Reality hits mad merger pricing





    Headline: Reality hits mad merger pricing
Source: Euromoney
Date: July 2000
Author: Ben Beasley-Murray

Secondary loan market takes off

Last year's high-margin financing for Olivetti may have been the peak for fees and prices on the syndication of huge merger loans. But the mergers go on and spreads are getting less wild, more credit-sensitive. A secondary market is growing in Europe, and institutional investors are stepping in to fill a possible gap in bank liquidity. Ben Beasley-Murray reports

The past year has been a trail-blazing period for syndicated lending, with loans of unprecedented size coming to the market. Fees and margins have grown to match, turning a market that for years has been regarded purely as relationship driven into a valuable money-spinner. "The difference between today and two years ago," says Peter Gleysteen, global head of syndicated lending at Chase, "is that today the pricing baseline is in the money."

The market is seeing a little more reality after the excesses of 12 months ago when the uncertainty as to what was possible led to issues being priced over the odds. But with M&A activity and corporate restructuring continuing apace there is no danger of the market going into reverse.

"Margins were up here, fees were up here," says one banker with upstretched arms to make the point. "Now the market is coming back to earth, and banks are getting a more realistic yield."

Several factors combined to drive up prices ­ above all, the scale of lending was so large that prices were bid up to ensure that deals got away. Whereas previously a corporate could rely on a core of relationship banks to provide funding, the emergence of jumbo loans for acquisitions required more attractive spreads and fees in order to find takers. "Once you get outside that group of banks to whom you're giving auxiliary business, you've got to appeal to the banks that are starting to look at this as a true transaction," says Tony Rhodes, global head of syndicated finance at HSBC. "Ultimately it's the price to get in the last bank that matters." As a result, the single-A corporate borrower that might have been borrowing working capital at 20 or 25 basis points over Libor was looking at perhaps 50bp to 75bp if it wanted to raise around $5 billion to make an acquisition. "This kind of hike may be anathema to the corporate's treasurer," says Rhodes, "but to the finance director with a bigger picture of where the company is going, and with a view to the step-change that the entity is achieving, the cost is pretty minimal."
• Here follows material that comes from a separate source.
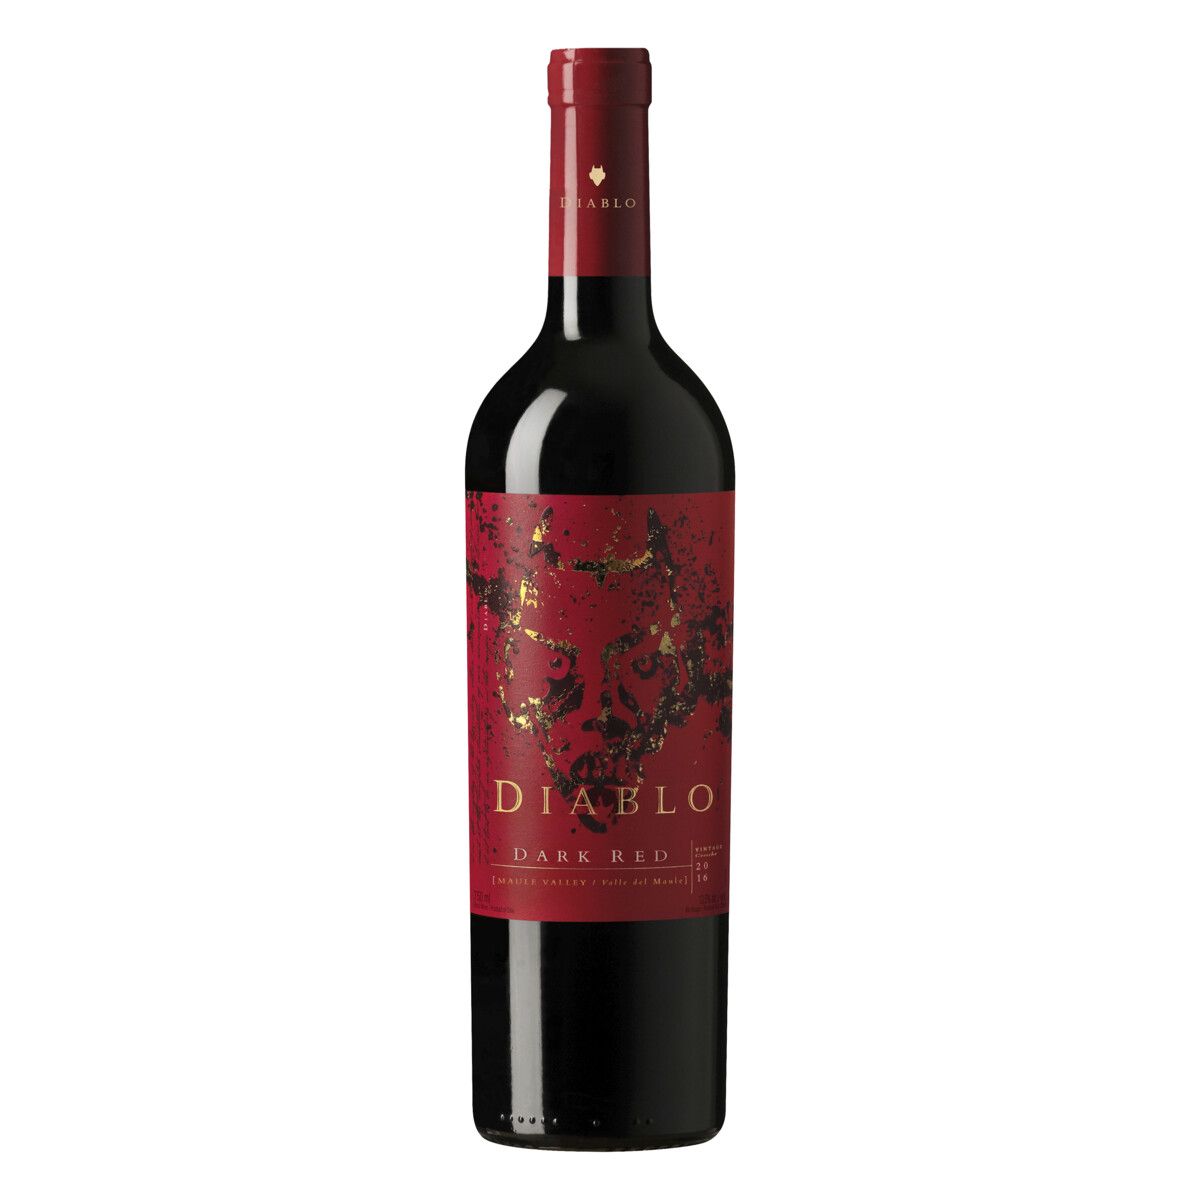 Vinho Chileno Tinto Meio Seco Dark Red Diablo Valle del Maule Garrafa 750ml

"Clearly we're in an industry where every basis point matters," says another banker, "but at the end of the day the cost of not getting a deal done is so much more than paying a premium to get the money together in an event-driven transaction." Although there is consensus that there will always be a premium on financings centred on acquisition activity, more aggressive pricing is likely in future.



Brenda Mills
"The market is becoming more seasoned," says Brenda Mills, head of syndications at ABN Amro. "The market was tested with the early jumbo facilities and it delivered and got paid for doing so. Now that everybody knows it can support these large financings I don't believe there's so much nervousness in the underwriting decisions. There's no longer any compulsion to price these deals up."

Market players agree that when deals were priced up, they were priced up a lot. An example was the Olivetti deal made last year in the hostile takeover bid for Telecom Italia, which gave an extraordinarily generous margin of 225bp. "This," in the words of one banker, "was a pure reflection of greed." He continues: "But the deal demonstrated that greed worked." Although pitched at e22.5 billion ($24.2 billion) and subsequently scaled down to less than half that, it attracted commitments of $32 billion.

Bank shareholders' demands for better returns drove changes. Also bankers saw that hopes of getting worthwhile ancillary business from borrowers to which one was a low-tier lender were fairly small. "I think people were beginning to get the joke," says Fergus Elder, head of European loan syndications at JP Morgan, "which they should have been getting a lot earlier: if you're one of 25 banks and this is the third time you've got into a syndication for tight prices where you couldn't produce a decent return, and you hadn't seen any ancillary business, the joke's on you."

Relationship banking under strain

Relationship-driven lending is still a factor in syndicated loans, however. The $8 billion Mannesmann loan to acquire Orange last year stands as testimony, although some might suppose it was nearer to an act of bullying than the fruit of a relationship: "That was Mannesmann flexing its muscles and pressurizing relationship banks to do the deal," says one banker. "That wasn't a deal priced to the market," says another "and how smart was Mannesmann to slam its banks? The banks were all too happy to turn on Mannesmann by later lending to Vodafone."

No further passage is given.